Ajoscha: Die Chance ist gering, wir können es nur mit allen Mitteln versuchen.

Habt ihr keine Probleme damit, dass ihr mit der Forderung nach Beibehaltung des Zwangsumtauschs eine Reglementierung befürwortet?

Ajoscha: Hier herrscht kein normaler Zustand. Es geht einfach nicht, dass bei diesem Wahnsinnspreisgefälle jeder in fünf Minuten Geschäfte macht, und der Arbeiter in der DDR der Dumme ist. Das hat nichts mit ausgrenzen zu tun.

Was ist unter der "Autonomen Aktion Prenzlauer Berg" zu verstehen?

Christoph: Autonom im Sinne des Begriffes wie er im Duden steht.

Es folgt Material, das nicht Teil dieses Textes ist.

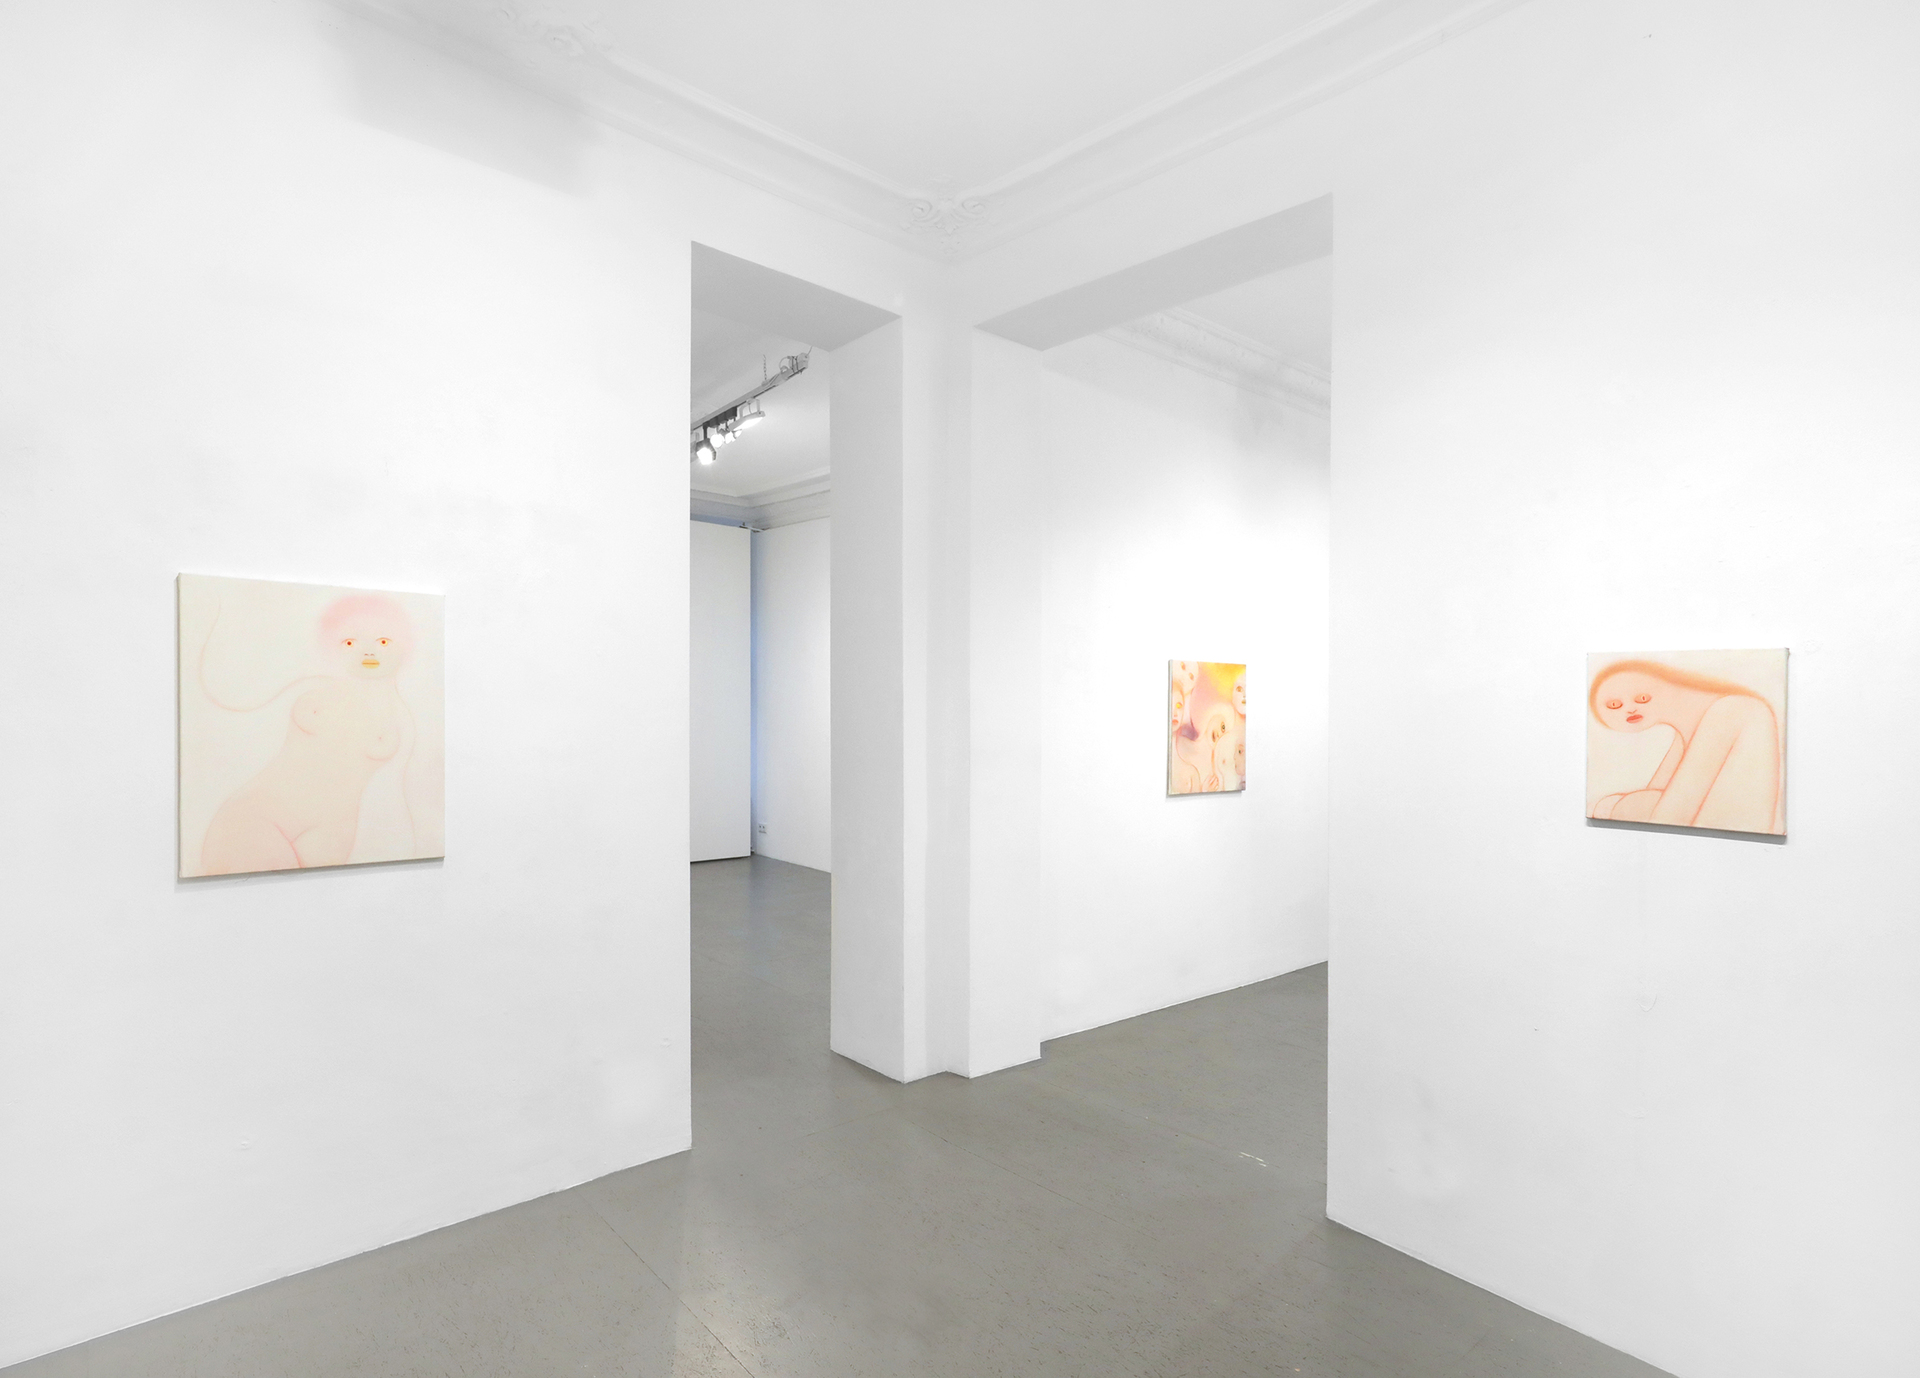 Installation view, Mari Sunna, Passed, 2020 at galerie burster berlin

Ajoscha: Unabhängig und selbständig. Mit der autonomen Bewegung im Westen haben wir nichts zu tun.

Arnfried: Wir vertreten kein Parteiprogramm. Wir machen das aus einer Art inneren Unruhe.

Wollt ihr auch bei Kohl oder Seiters wegen der Beibehaltung des Zwangsumtauschs vorsprechen?

Christoph: Mit Seiters und Kohl zu reden, wäre für mich unreal. Wir müssen das erst noch mal sondieren, aber mir würde da eher Momper einfallen. Auch wenn er seine Abhängigkeiten in der Sache hat, glaube ich, dass er sich das anhört und die Aspekte überdenkt.